I also was bullied a bit (not any way as badly as the op) and that person found me on Friendsreunited. She sent me a long email apologising for having been such a cow and how she was totally ashamed of herself. She's now a FB friend and a really nice woman.

I think decide in advance what exactly it is you want from this meeting and then the cool, detached approach is best. Does she know you though this friend? She might be planning her apology response already if so.

Longtalljosie · 24/05/2010 13:24

I was bullied - and I have to say, I wouldn't go.

In my case, I've not seen the main offender again but did end up in the same pub as some of her hangers-on when I was about 23.

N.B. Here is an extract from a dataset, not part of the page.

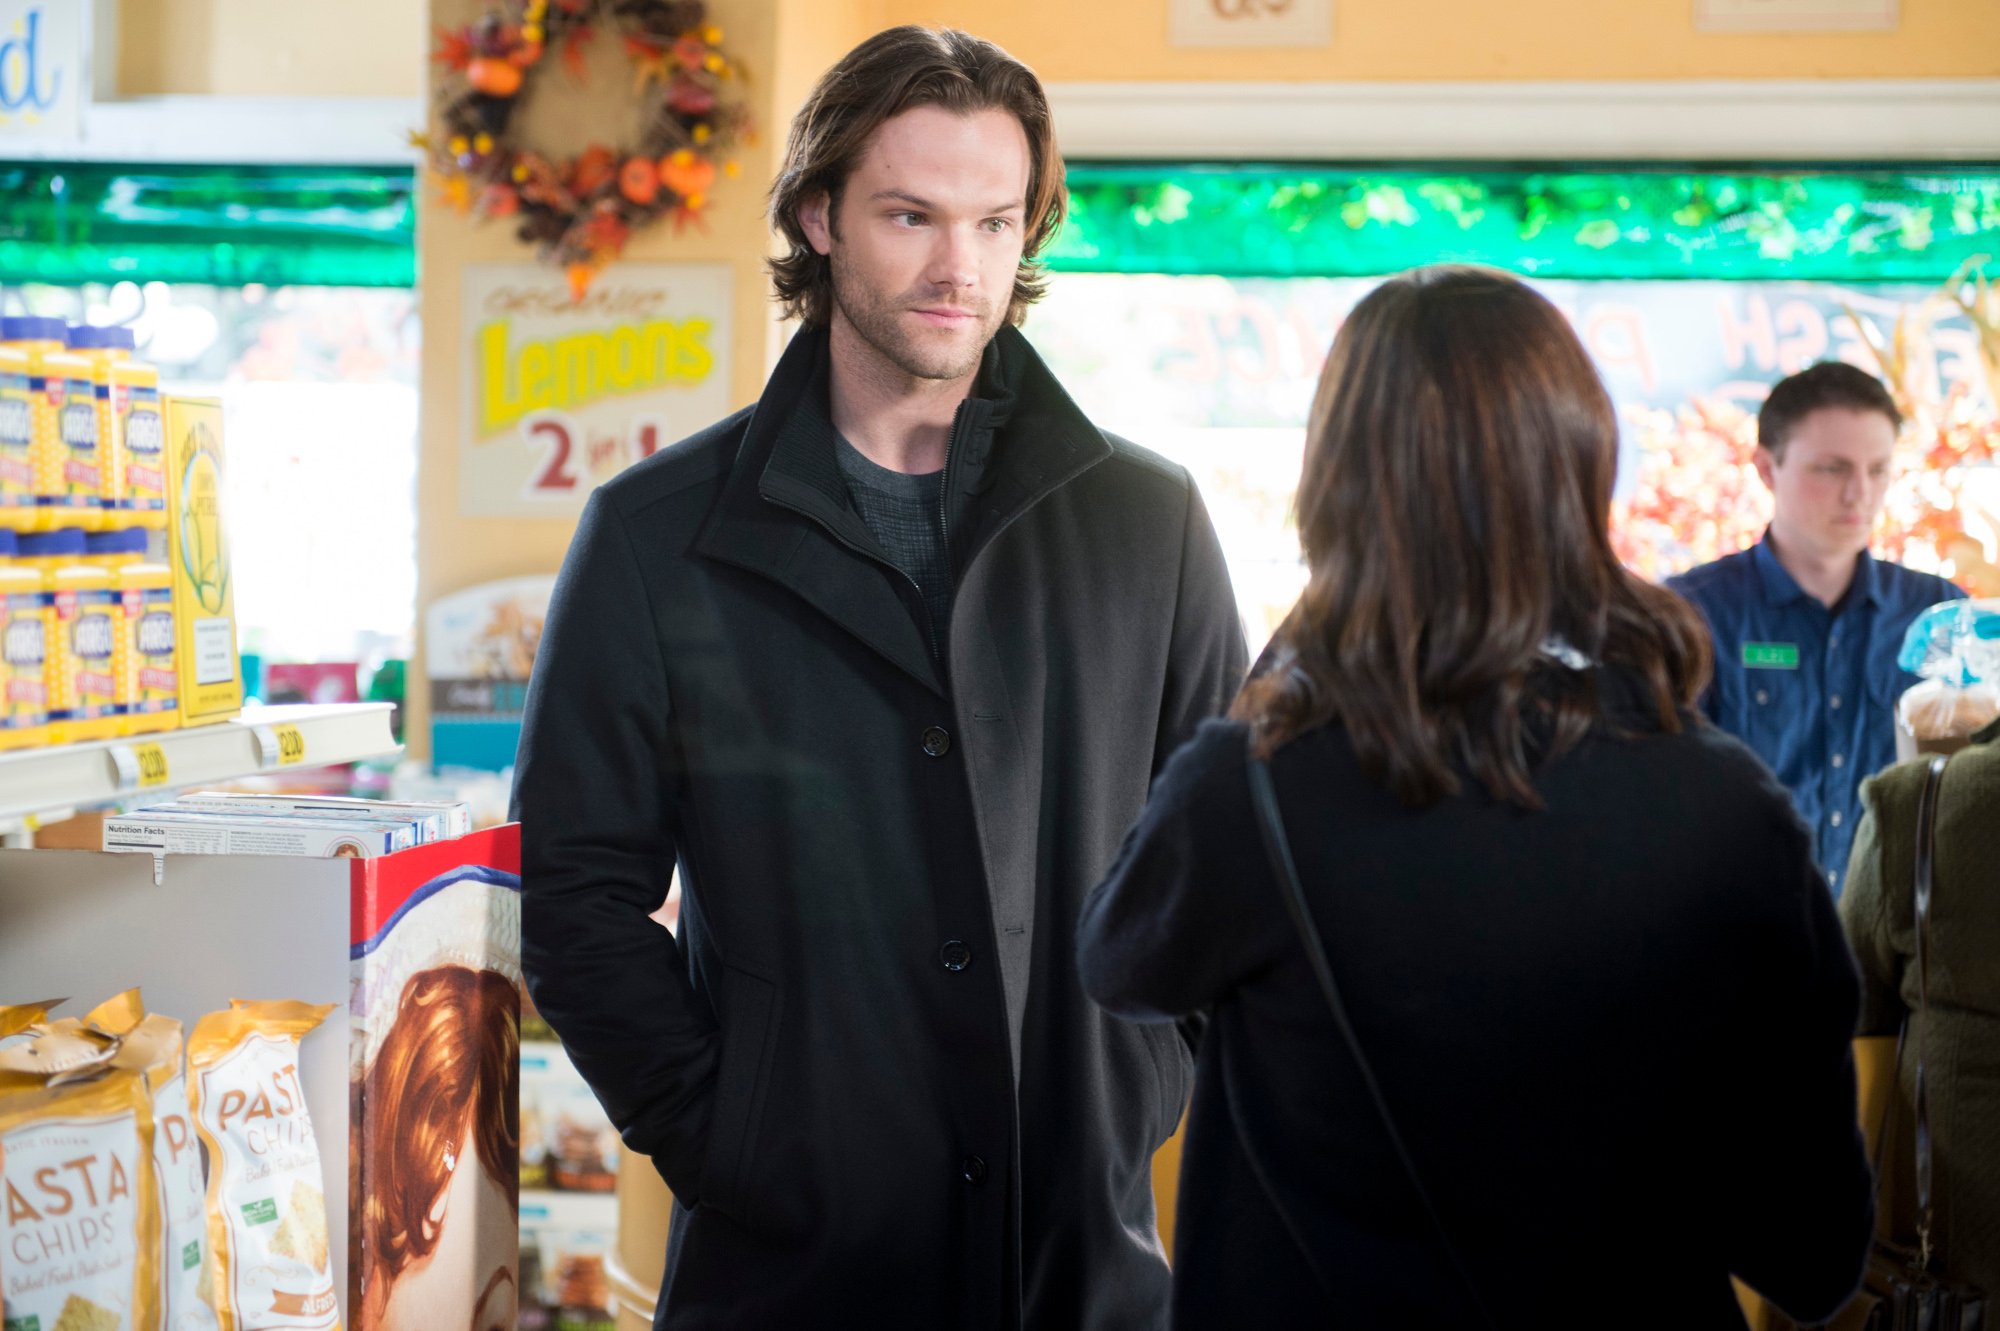 Jared Padalecki and Alexis Bledel as Dean and Rory in 'Gilmore Girls: A Year in the Life' on Netflix. Dean is wearing a black coat and looks uncomfortable. Rory is facing him but away from the camera.

It was astonishing, as though we were still 16. Still making comments on my small boobs and putting me down. The difference was I could see how sad they were and was just watching it all astonished and pretty much unaffected.

But of course, they're not the ones who had the power to scare me... if the main offender had picked up from where she left off, I would have found it very hard indeed.

whywhywhydelilah · 24/05/2010 13:28

If she is a nice person now she will be embarrassed and probably pretend not to remember if she is still nasty she will pretend not to remember to be nasty!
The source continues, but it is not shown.